As mentioned elsewhere herein, in some optional approaches, the write data migration plan considers a migration plan for each of the storage systems, e.g., the local storage system and the remote storage systems, in order to prevent overdrive from occurring on any of the caches of the storage systems. Accordingly, in some approaches, the write data migration plan may additionally and/or alternatively be generated to specify where at least some write data originally intended to be stored on the cache of a first of the remote storage systems are migrated to. In one or more of such approaches, in response to a determination that a first predetermined condition associated with the cache of the first remote storage system is met, the write data migration plan may be caused, e.g., instructed, to be performed. The predetermined condition associated with the cache of the first remote storage system may be any one or more of the predetermined conditions mentioned elsewhere herein. For example, the write data migration plan may specify that the at least some write data originally intended to be stored on the cache of the first remote storage systems are to be migrated to the cache of the local storage system in response to a determination that the first predetermined condition associated with the cache of the first remote storage system is met. Accordingly, a write data migration plan may be generated, e.g., by a predetermined controller, for every storage system, and the write data migration plan may be output to agents of each of the storage systems so that a write data migration plan is understood for a next time slot, e.g., in the event that such a migration plan is needed to be performed to avoid cache overdrive.

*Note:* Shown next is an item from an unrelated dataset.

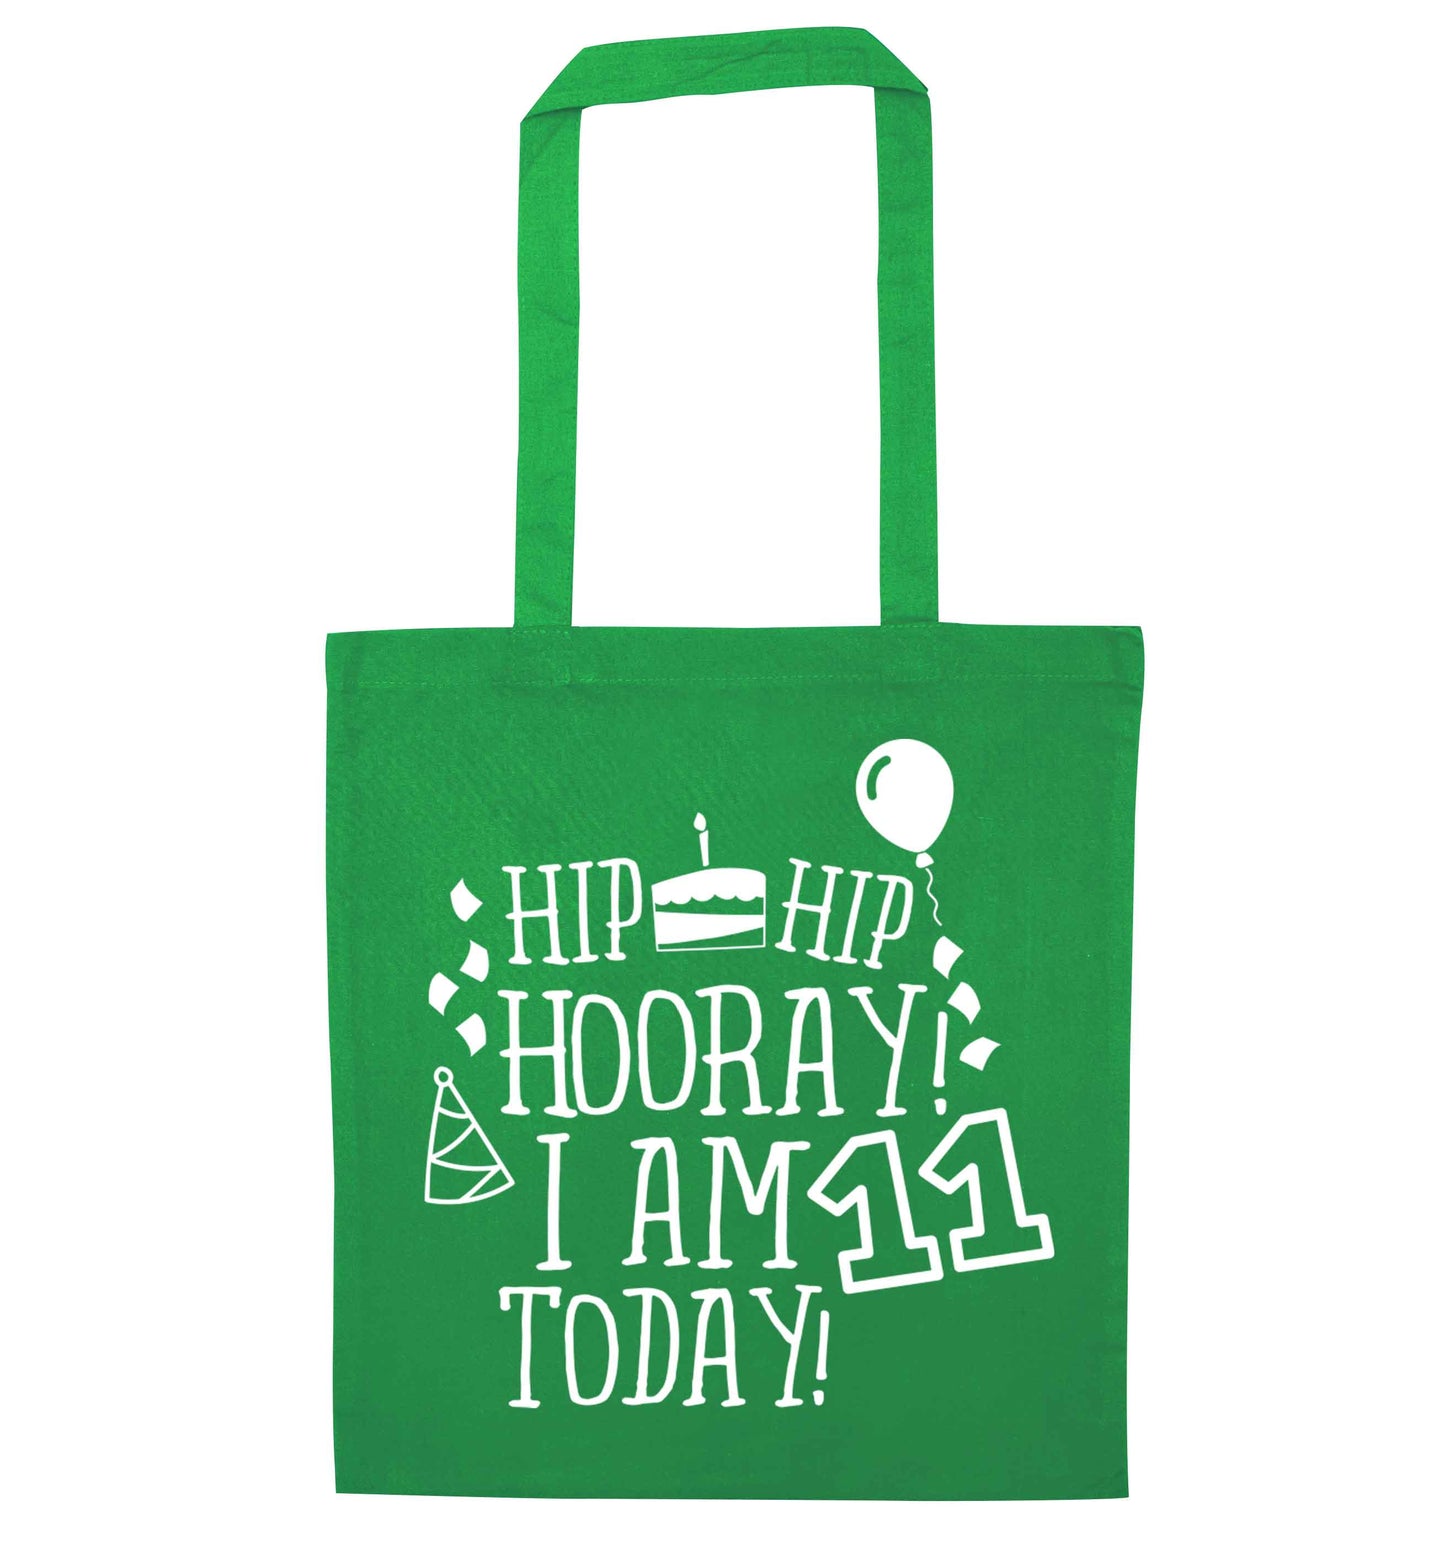 Hip hip hooray I am eleven today! green tote bag

It should be noted that, in some approaches, not all write data that is queued and/or originally intended to be stored on the cache of the local storage system may be migrated to the cache(s) of the remote storage systems during performance of the write data migration plan. For example, in some approaches, a predefined subset of the write data that is queued and/or originally intended to be stored on the cache of the local storage system may be migrated to the cache(s) of remote storage systems may only need to be migrated in order to prevent overdrive of the cache of the local storage system. Various examples of types of write data that may be prioritized for migrating first to the cache(s) of the remote storage systems during performance of the write data migration plan are described below.


In some approaches, least recently used (LRU) write data and/or sequential write data may be migrated to the specified caches of the remote storage systems as a result of the write data migration plan being performed. This may be achieved by migrating at least some write data to the caches of the remote storage systems specified in the write data migration plan. In some other approaches, a workload choice for migration of write data to the cache of a remote storage system may include an agent redirecting the to-be-destaged least recently used data from a predetermined cache/page replacement method, to predetermined space of cache(s) of one or more of the remote storage systems. For example, in some approaches, a redirect the to-be-destaged data of wise ordering for Writes (WOW) method in DS8K by IBM may be performed to one or more of the remote storage systems. In some approaches in which the LRU data are migrated to one or more remote storage systems, the latency dependency of every write stream may be judged and the sequential write data may be migrated to the remote storage system(s). According to a more specific approach, for the write data to address k, the dependency to the response time/latency may be LatencyDependency (k, n+1). In some approaches, this process may be simplified to consider the randomness of the data. It should be noted that typically, the response time/latency may be considered more important to random data compared with sequential data. The randomness of every write stream may be judged, and in some approaches, a different method may be used to judge the randomness. For example, the sequential write data may be redirected to the sequential LRU list to the remote storage system.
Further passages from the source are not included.